::: DATA BELOW

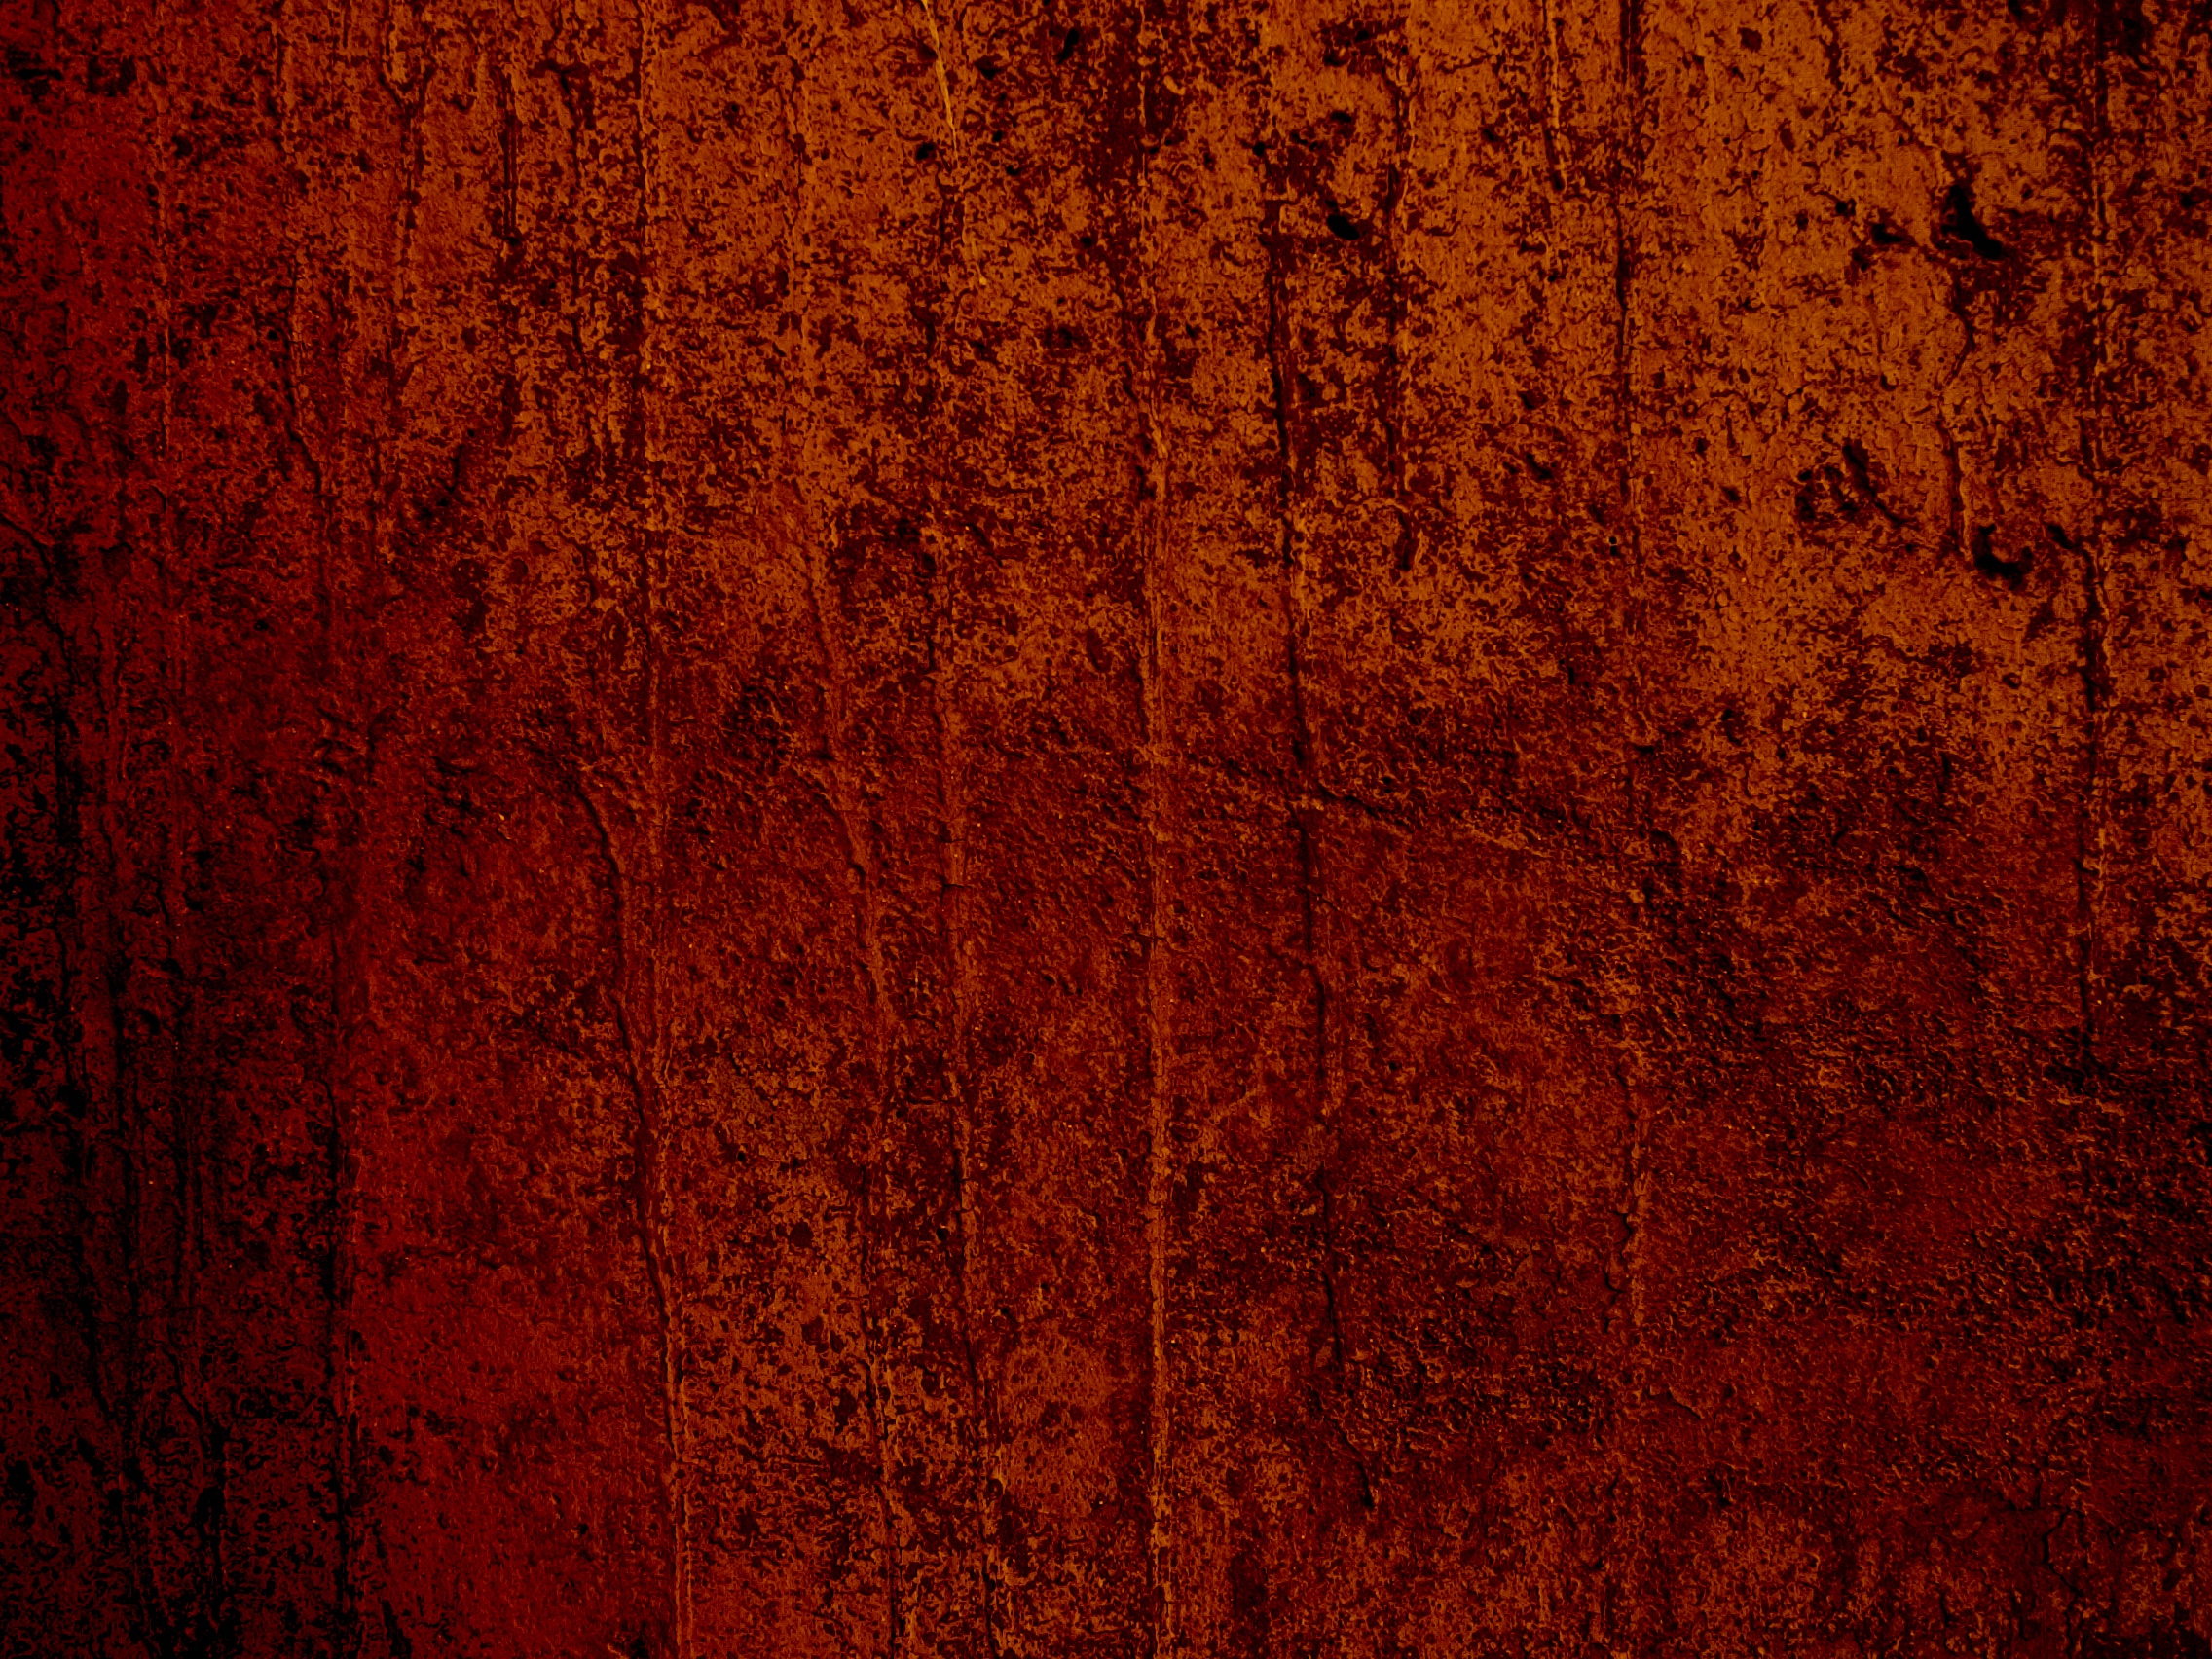 papel tapiz con textura naranja,rojo,naranja,marrón,madera,mancha de madera
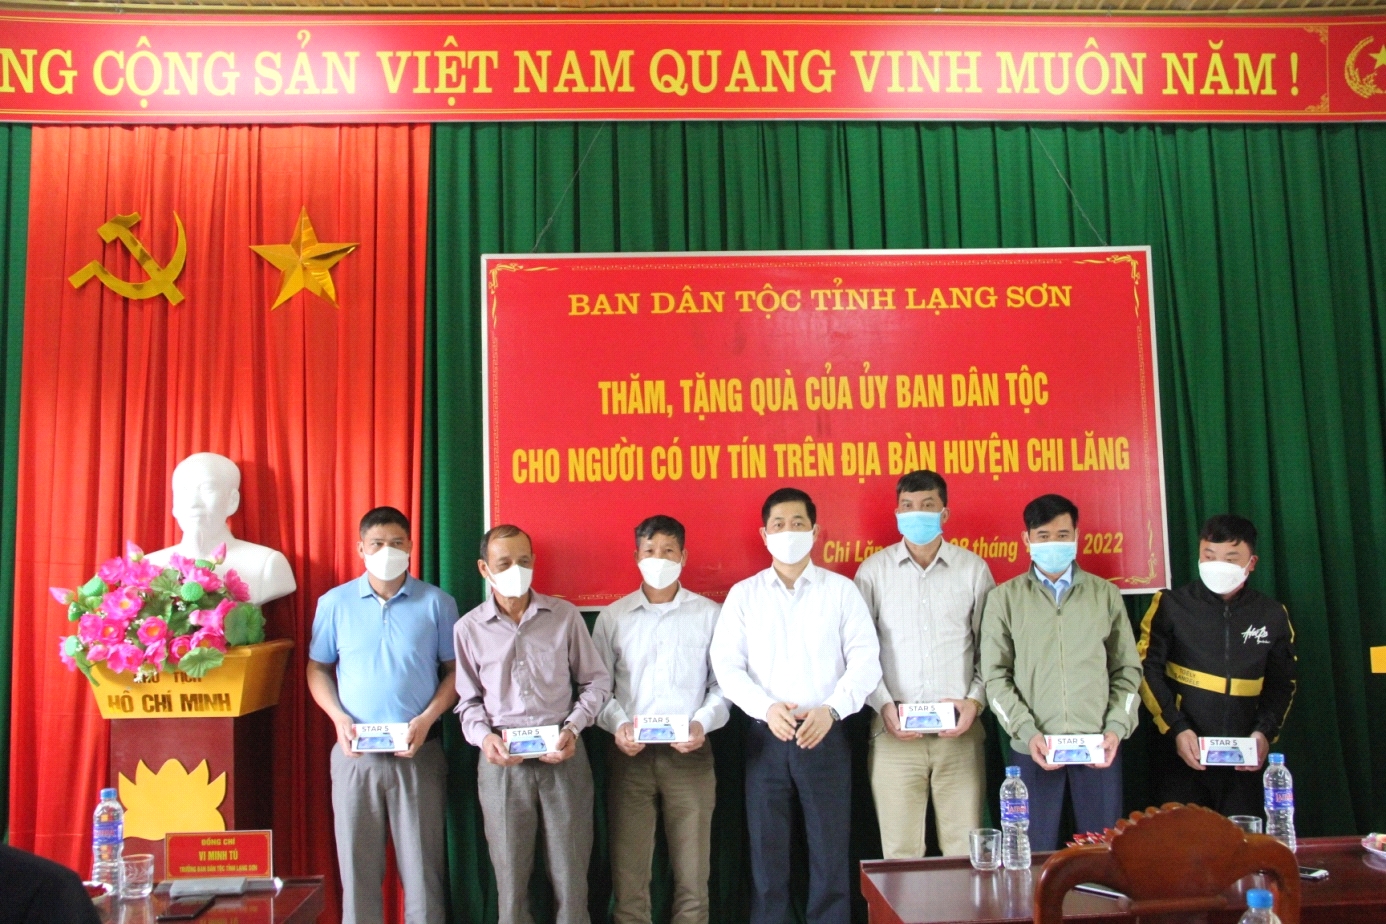 Đồng chí Vi Minh Tú, Trưởng Ban Dân tộc thăm, tặng quà cho Người uy tín trên địa bàn huyện Chi Lăng
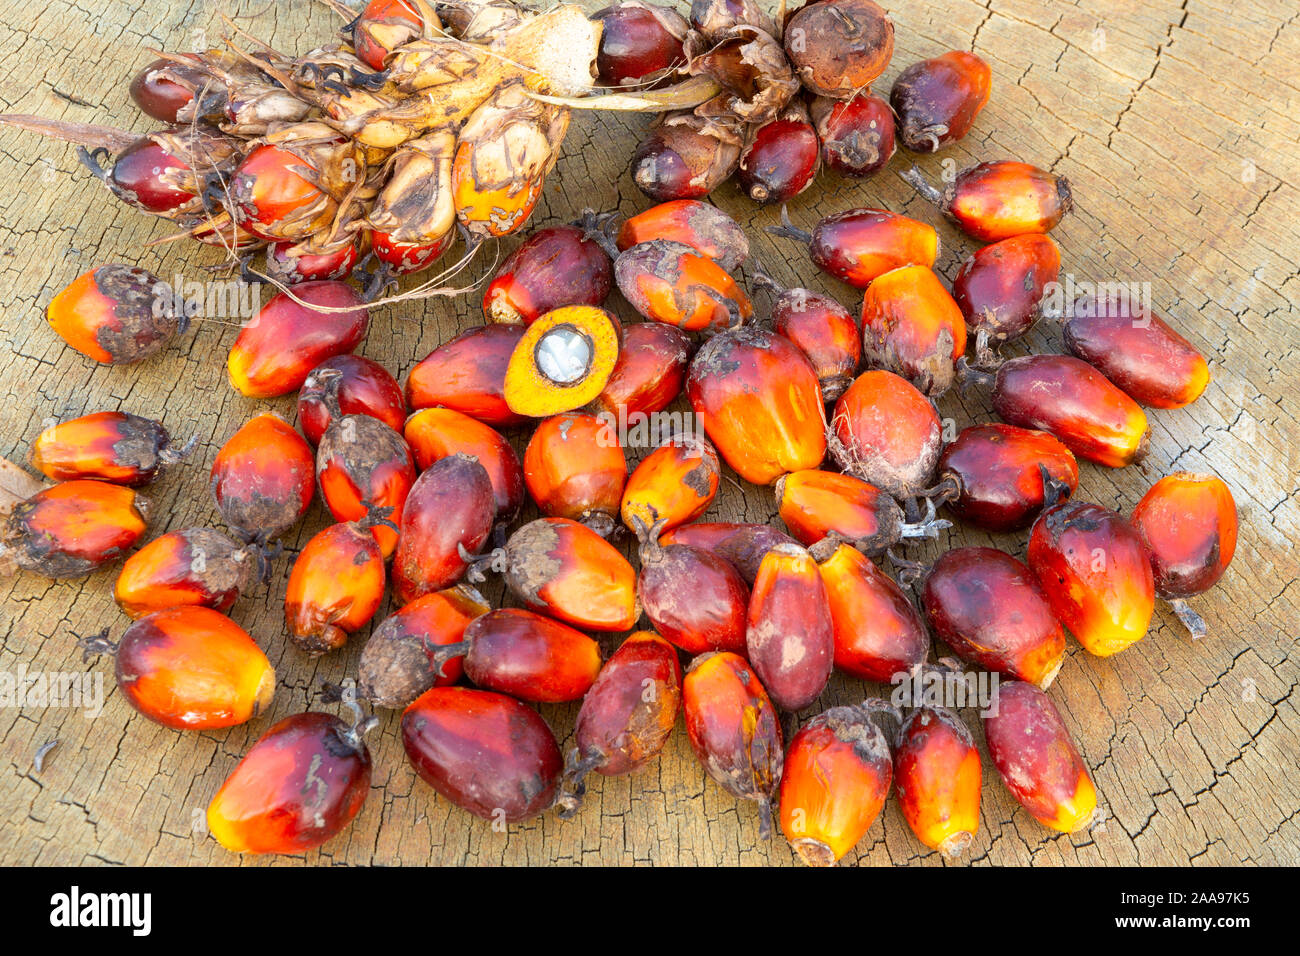 Nahaufnahme einer Gruppe von Palmöl-Früchten (Elaeis guineensis) und einer halbierten Frucht, die das Innere auf rustikalem Holztisch zeigt. Konzept der Natur, Landwirtschaft. Stockfoto

::::::

WHAT IS BEING ASKED – What you should repeat exactly is the run of lines from the top of the listing above through the line with "Đồng chí Vi", without pictures.

RESPONSE BELOW –
 papel tapiz con textura naranja,rojo,naranja,marrón,madera,mancha de madera
 Đồng chí Vi Minh Tú, Trưởng Ban Dân tộc thăm, tặng quà cho Người uy tín trên địa bàn huyện Chi Lăng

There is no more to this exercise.